### What the task requires:
Copy out all of the lines below exactly; the pictures do not belong in the copy.

### Exercise data:
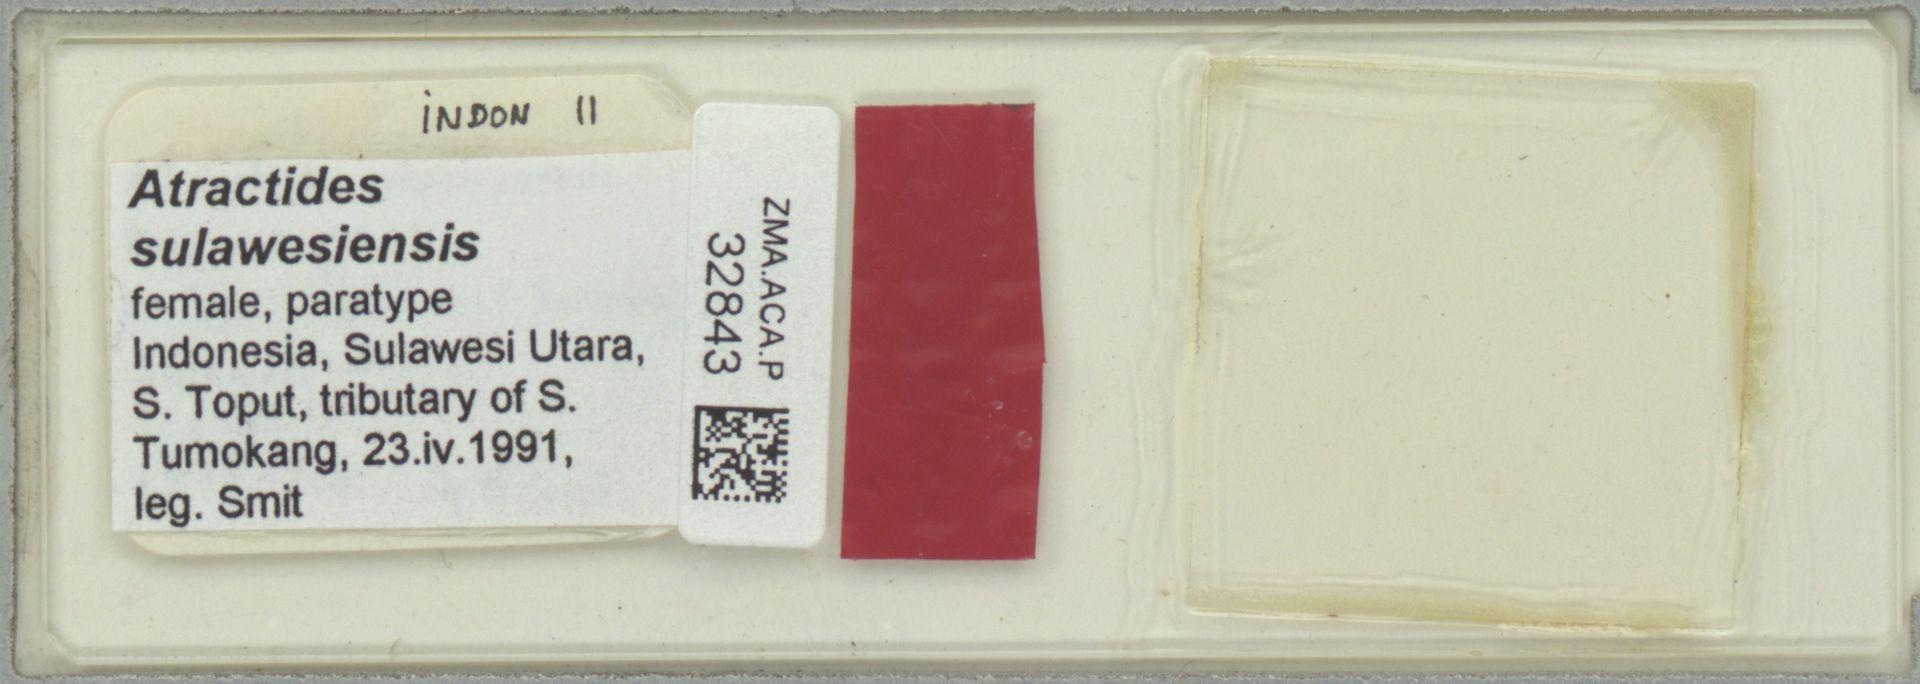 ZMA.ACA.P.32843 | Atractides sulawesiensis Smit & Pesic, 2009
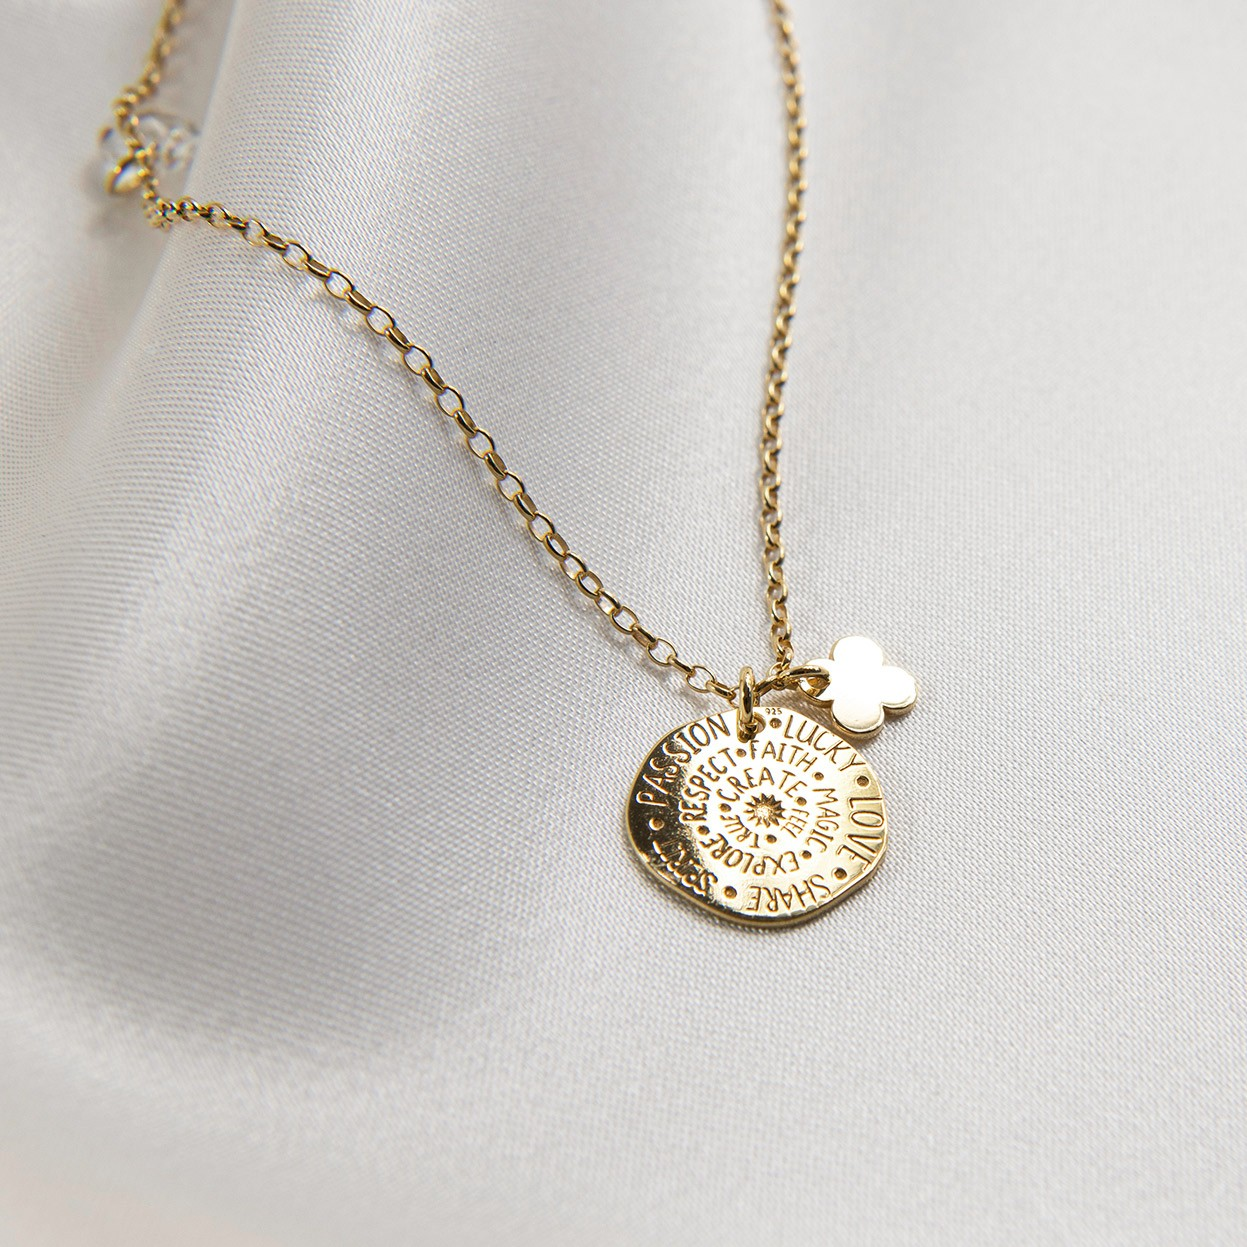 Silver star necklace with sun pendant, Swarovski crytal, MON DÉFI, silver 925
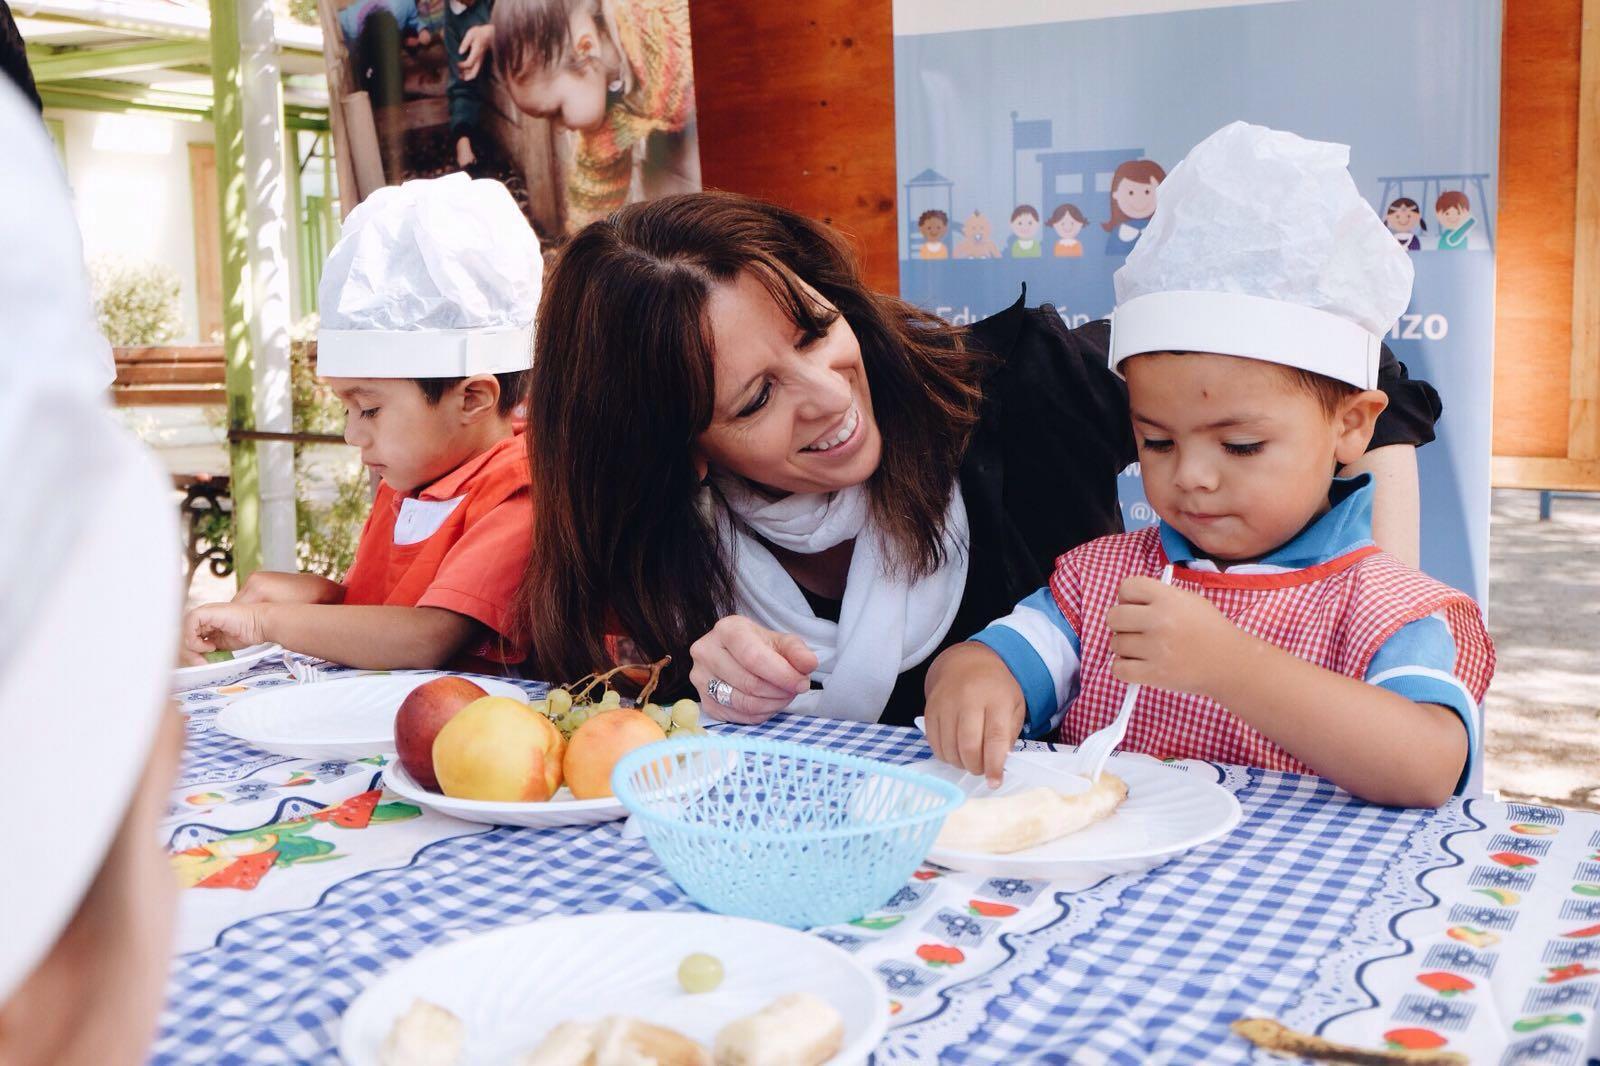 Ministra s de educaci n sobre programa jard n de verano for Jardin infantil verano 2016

### Response box:
 ZMA.ACA.P.32843 | Atractides sulawesiensis Smit & Pesic, 2009
 Silver star necklace with sun pendant, Swarovski crytal, MON DÉFI, silver 925
 Ministra s de educaci n sobre programa jard n de verano for Jardin infantil verano 2016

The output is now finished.